L’État finlandais a reconnu sa responsabilité à la suite de cet accident de la circulation et, par décisions des 10 décembre 2021 et 28 janvier 2022, a alloué à l’intéressée, par le truchement de l’organisme public, le Valtiokonttori, une indemnisation de 69.145 euros, outre 2.000 euros au titre de l’équivalent du pretium doloris.
Par décision du 28 janvier 2022, toutefois, cet organisme, après avis d’un médecin-expert, le Docteur [R] [T], a refusé sa prise en charge pour les troubles chroniques persistants que dénonçait que Madame [O] [E], estimant qu’ils n’avaient pas de lien de causalité avec l’accident de la circulation.
Par exploits des 14 et 22 août 2025, Madame [O] [E] a fait assigner devant ce Tribunal, statuant en la forme des référés, le Valtiokonttori, l’hôpital TYKS-T HOSPITAL (situé à Turku en Finlande) ainsi que les praticiens intervenus dans le cadre de sa prise à charge, son assureur et la Caisse primaire d’assurance maladie (CPAM) de Seine-Saint-Denis, aux fins d’expertise médicale.

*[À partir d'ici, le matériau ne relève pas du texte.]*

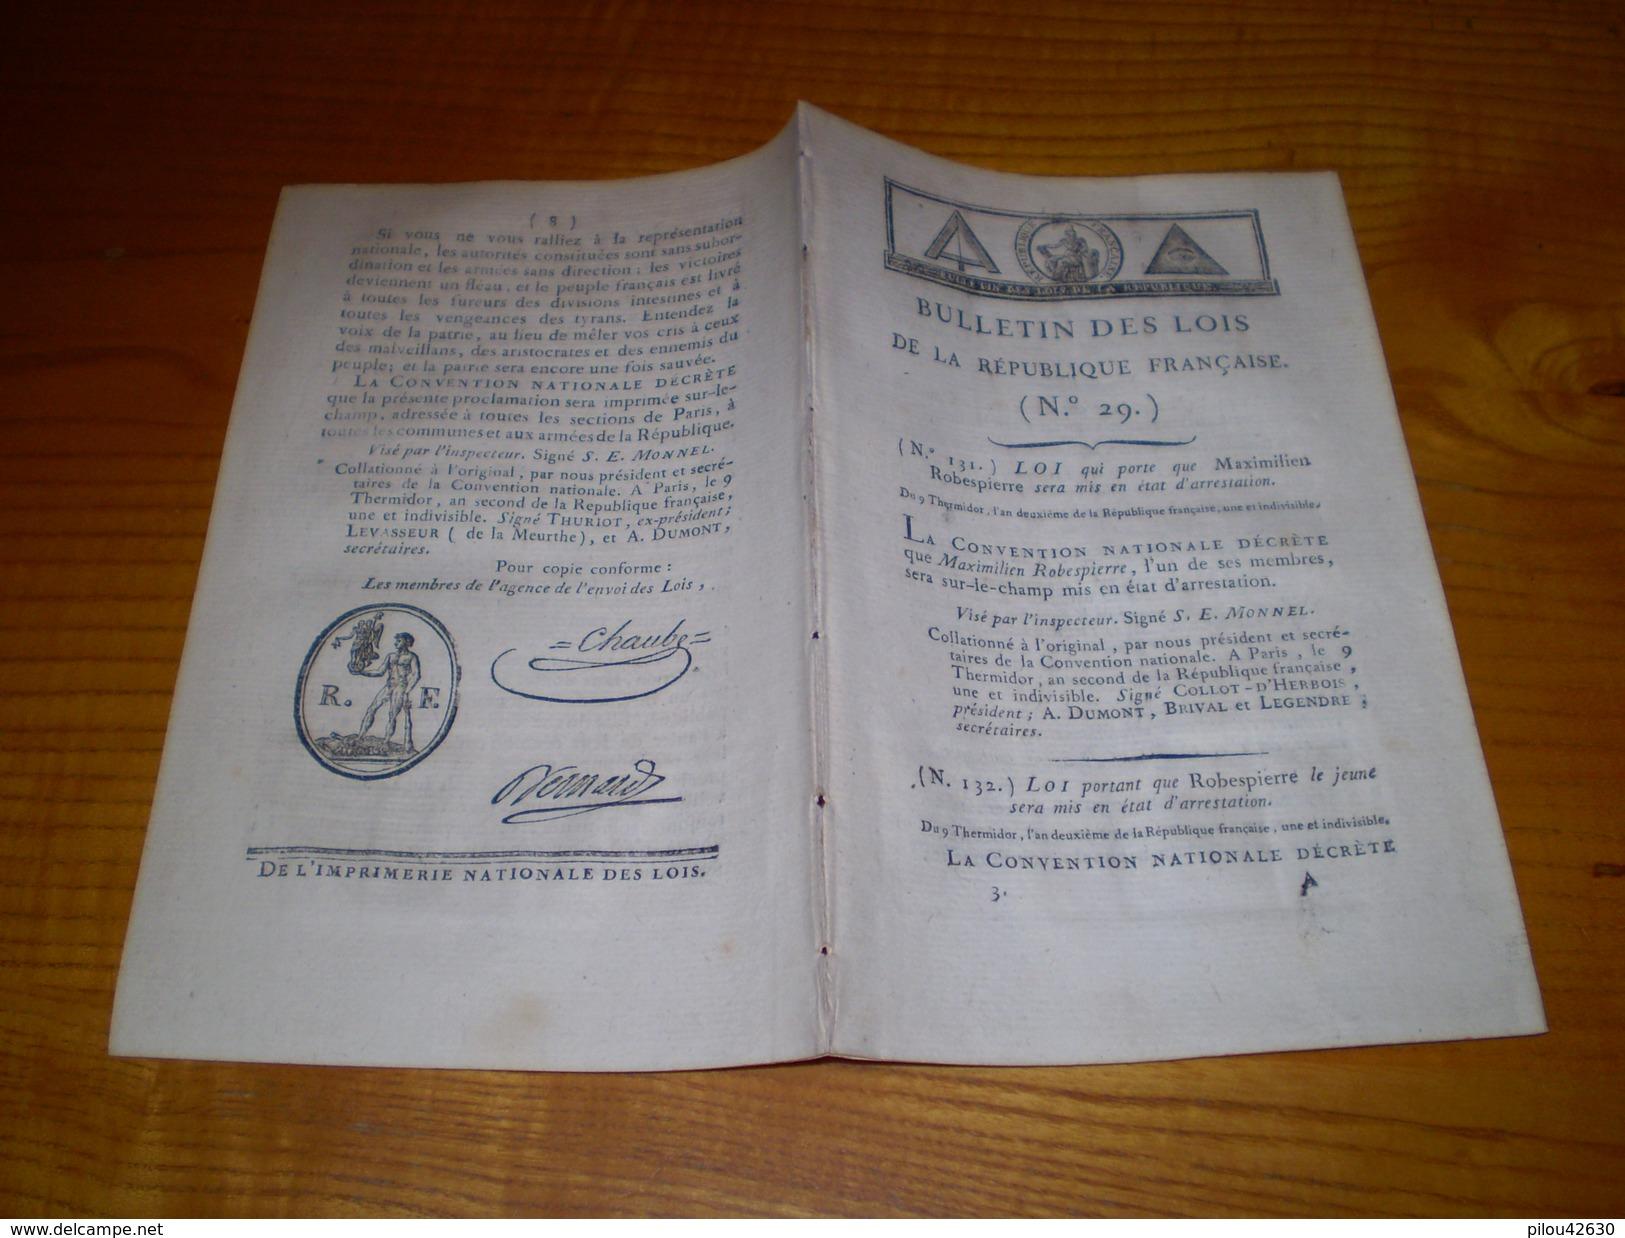 Lois An 2: Mise En Accusation De Robespierre,Couthon,Lebas 9 Thermidor, Gillotiné Le 10. Dumas Tribunal Révolutionnaire - Décrets & Lois

Elle demande pour ce faire la désignation du Docteur [W] [L], outre la condamnation du TYKS-T HOSPITAL à lui régler la somme de 2.700 euros en application de l’article 700 du Code de procédure civile.
L’affaire a été retenue à l’audience des référés du 24 novembre 2025 et la décision mise en délibéré au 12 janvier 2026 par mise à disposition au greffe, les parties en ayant été préalablement avisées.
Dans le dernier état de ses écritures et observations, Madame [O] [E] fait valoir que :
— la juridiction de céans est territorialement compétente en application de l’article 42 du Code de procédure civile en tant que tribunal du domicile du défendeur ainsi qu’en application de l’article 14 du Code civil qui prévoit un privilège de juridiction (la possibilité pour un Français d’attraire devant un juge en France un étranger même lorsque ce dernier n’y réside pas) ;
— sur le fond, elle justifie d’un motif légitime, au sens des articles 145 et 835 du Code de procédure civile : seule une expertise permettra d’évaluer la nature et les causes de ses préjudices du fait de l’accident de la circulation subi en Finlande et de la prise en charge médicale dans ce pays.
En défense, le [Localité 26] et le Docteur [R] [T] concluent:
— in limine litis à l’irrecevabilité de la demande pour forclusion,
— subsidiairement, au débouté de la demanderesse et ce, après application de la loi finlandaise au litige ; ils demandent en outre sa condamnation aux dépens ainsi qu’à leur régler, chacun, la somme de 2.000 euros en application de l’article 700 du Code de procédure civile.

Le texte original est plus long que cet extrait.